*To do*.
Find the line with "Daily parcel service" in the records below. Output exactly from there until after the line with "秋香茶王红庄 Qiu Xiang", without pictures.

*Information supplied*.
_ _ _ _ _
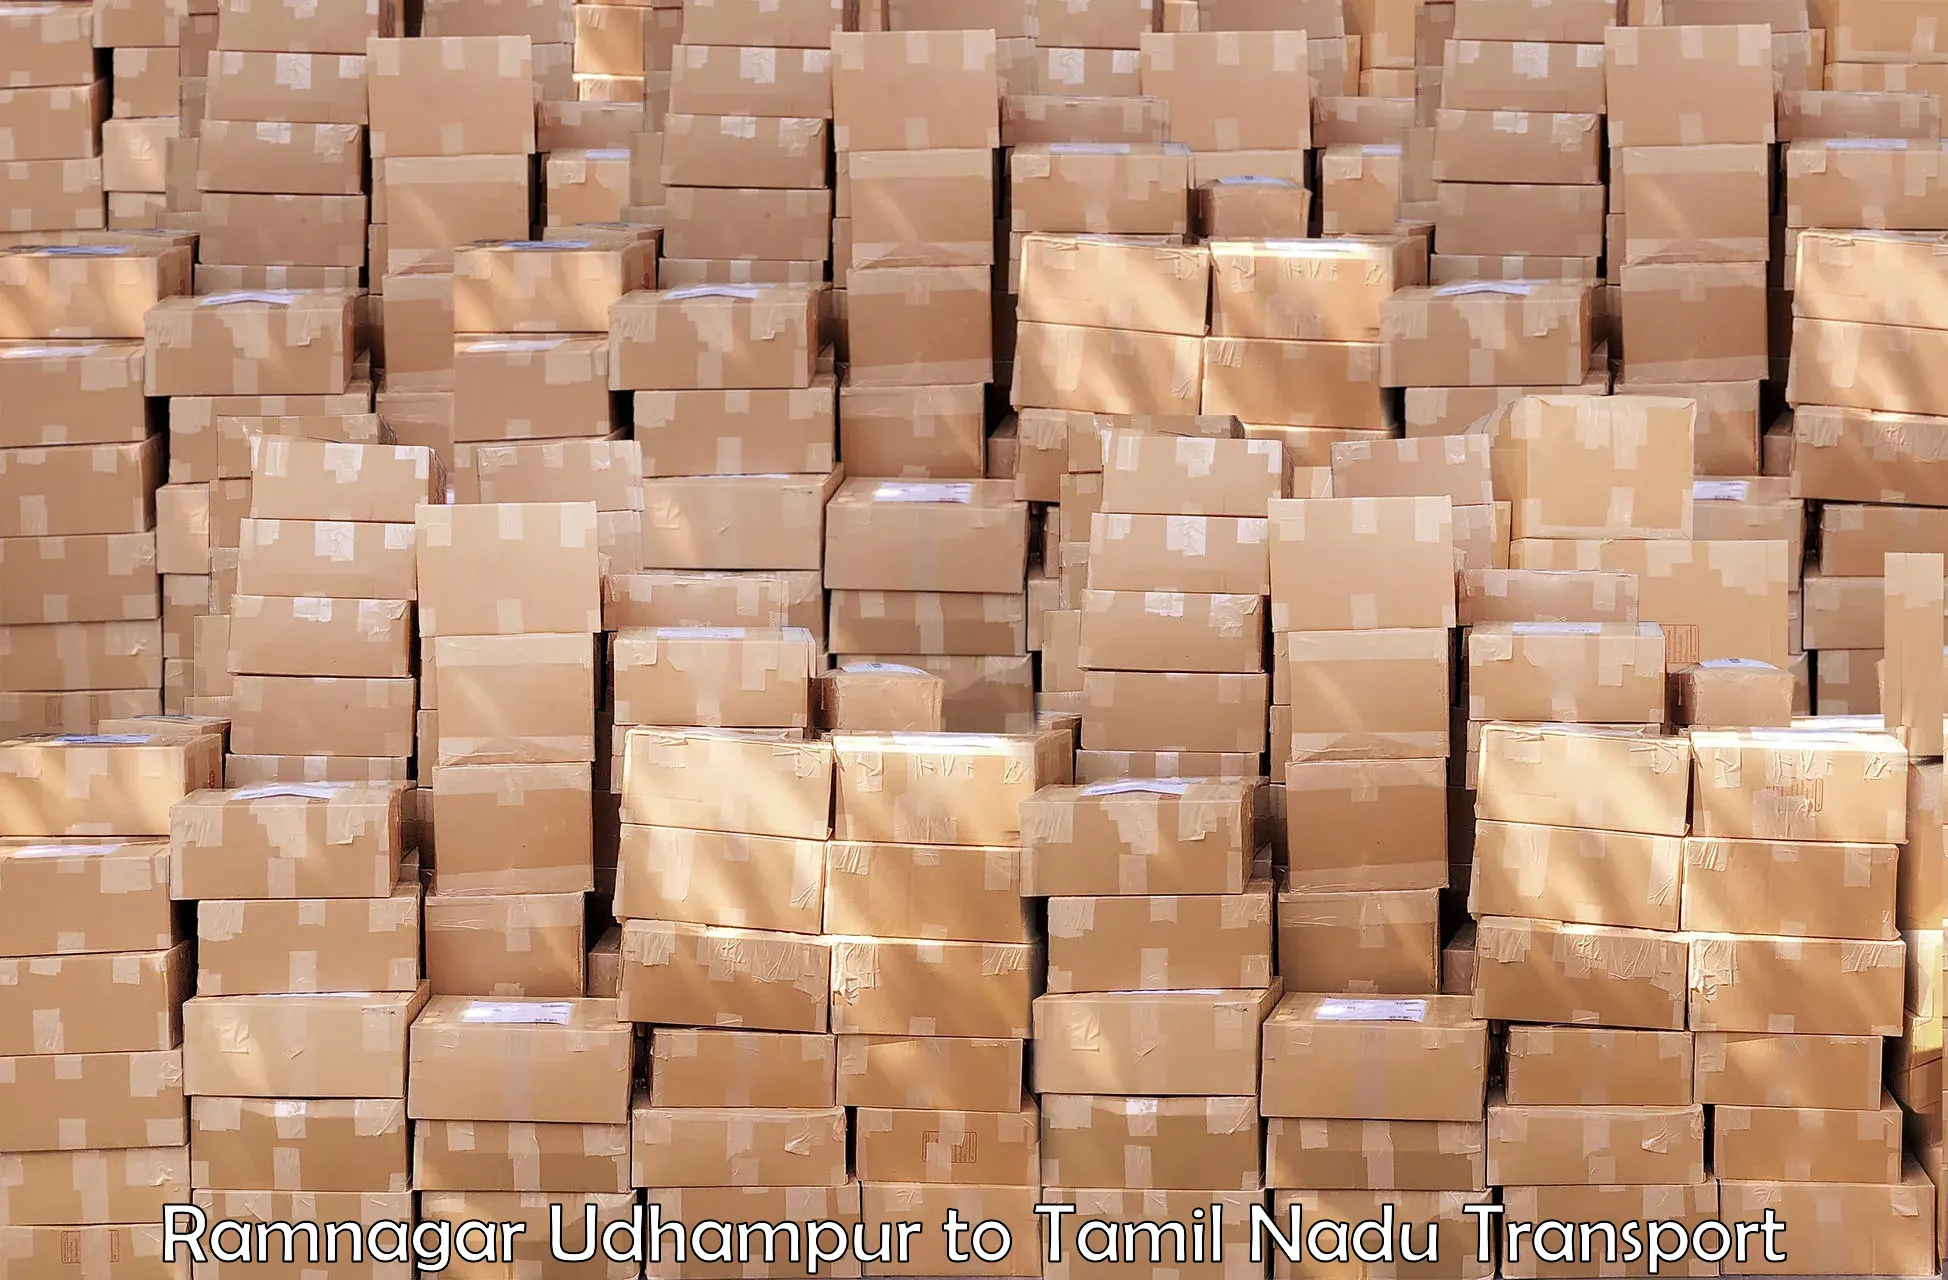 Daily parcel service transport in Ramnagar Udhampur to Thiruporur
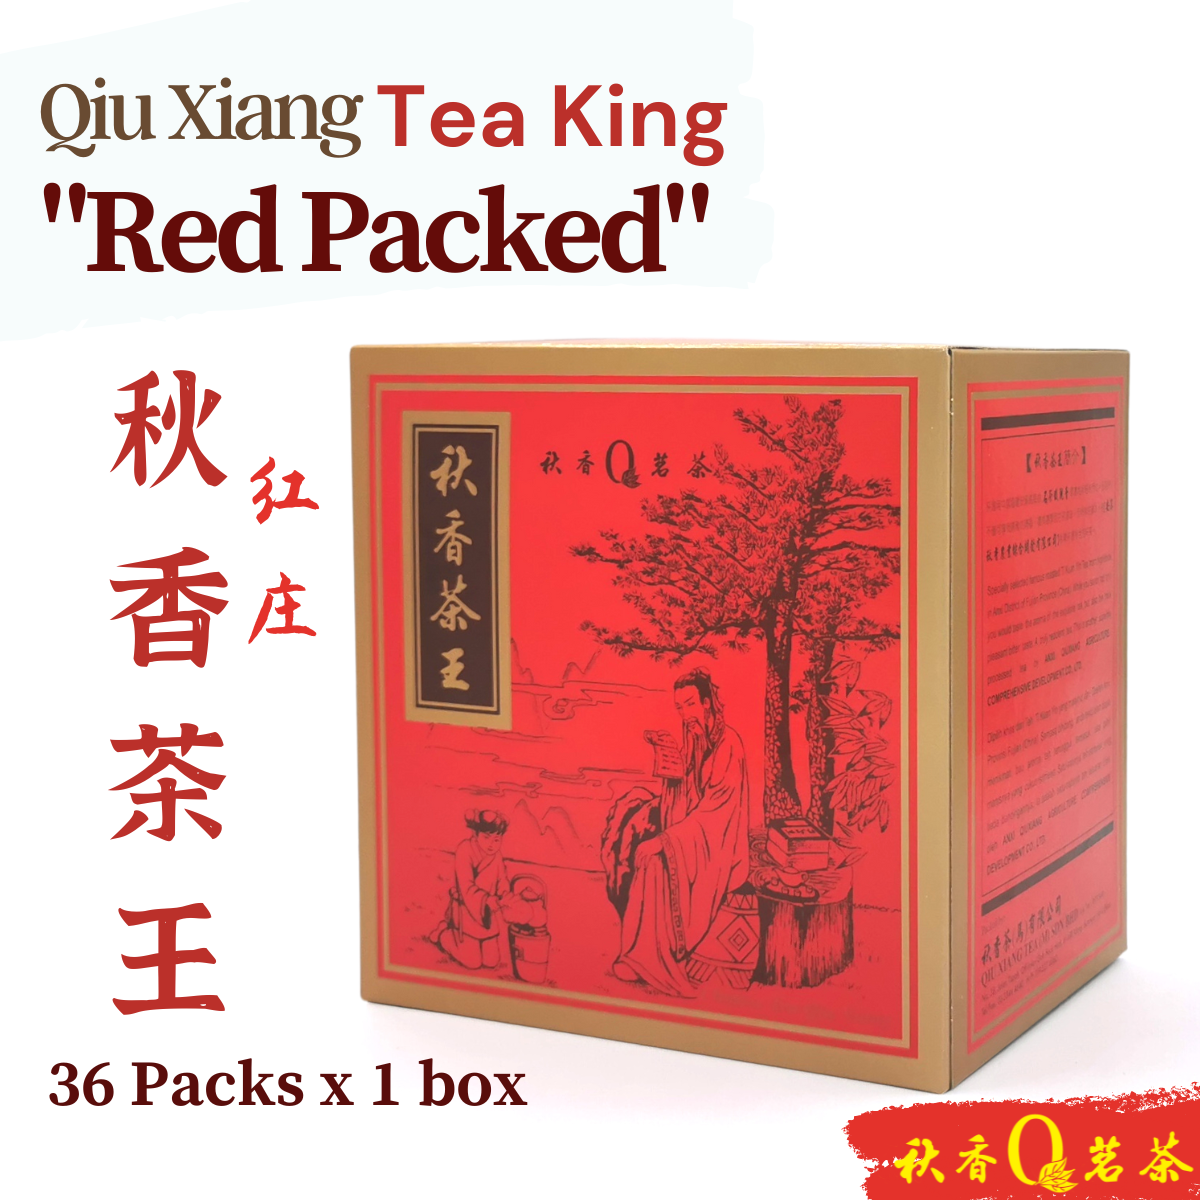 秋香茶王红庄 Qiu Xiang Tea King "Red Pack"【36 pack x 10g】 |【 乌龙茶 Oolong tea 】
_ _ _ _ _
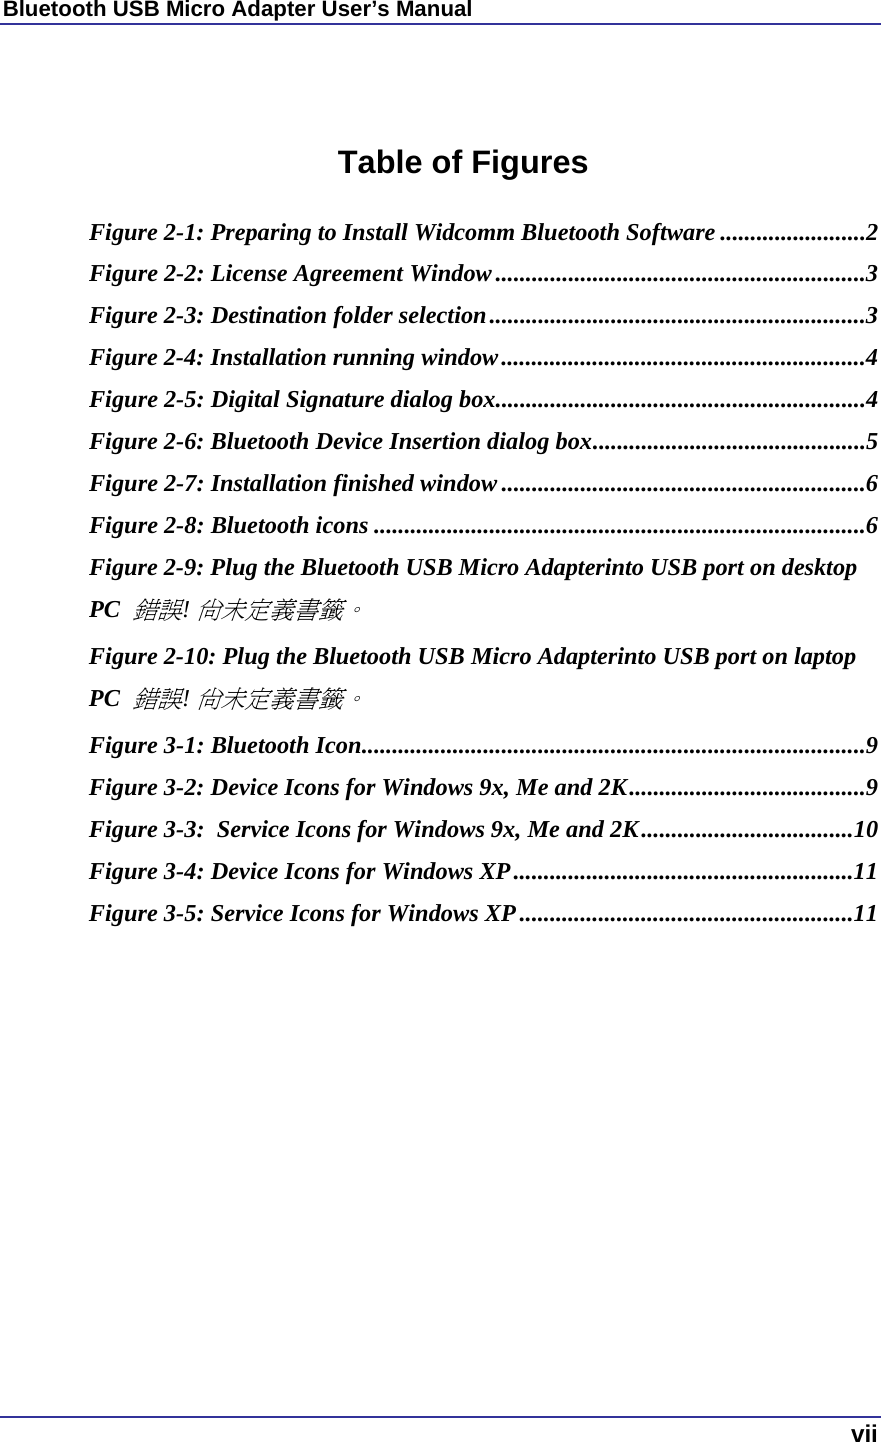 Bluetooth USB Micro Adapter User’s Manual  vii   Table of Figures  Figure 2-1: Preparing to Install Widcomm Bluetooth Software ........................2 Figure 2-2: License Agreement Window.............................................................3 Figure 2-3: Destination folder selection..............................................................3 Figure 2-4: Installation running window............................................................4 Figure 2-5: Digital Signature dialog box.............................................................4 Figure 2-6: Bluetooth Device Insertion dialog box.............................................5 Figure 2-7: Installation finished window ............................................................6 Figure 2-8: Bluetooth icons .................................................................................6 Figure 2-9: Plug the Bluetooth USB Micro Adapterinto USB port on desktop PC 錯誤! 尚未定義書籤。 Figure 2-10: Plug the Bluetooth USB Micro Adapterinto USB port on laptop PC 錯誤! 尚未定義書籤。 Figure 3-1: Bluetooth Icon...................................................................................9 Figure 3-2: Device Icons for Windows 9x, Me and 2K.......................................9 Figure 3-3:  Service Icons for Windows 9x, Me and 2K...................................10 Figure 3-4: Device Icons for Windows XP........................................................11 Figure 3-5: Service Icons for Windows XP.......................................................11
_ _ _ _ _
*Output of the task*.
 Daily parcel service transport in Ramnagar Udhampur to Thiruporur
 秋香茶王红庄 Qiu Xiang Tea King "Red Pack"【36 pack x 10g】 |【 乌龙茶 Oolong tea 】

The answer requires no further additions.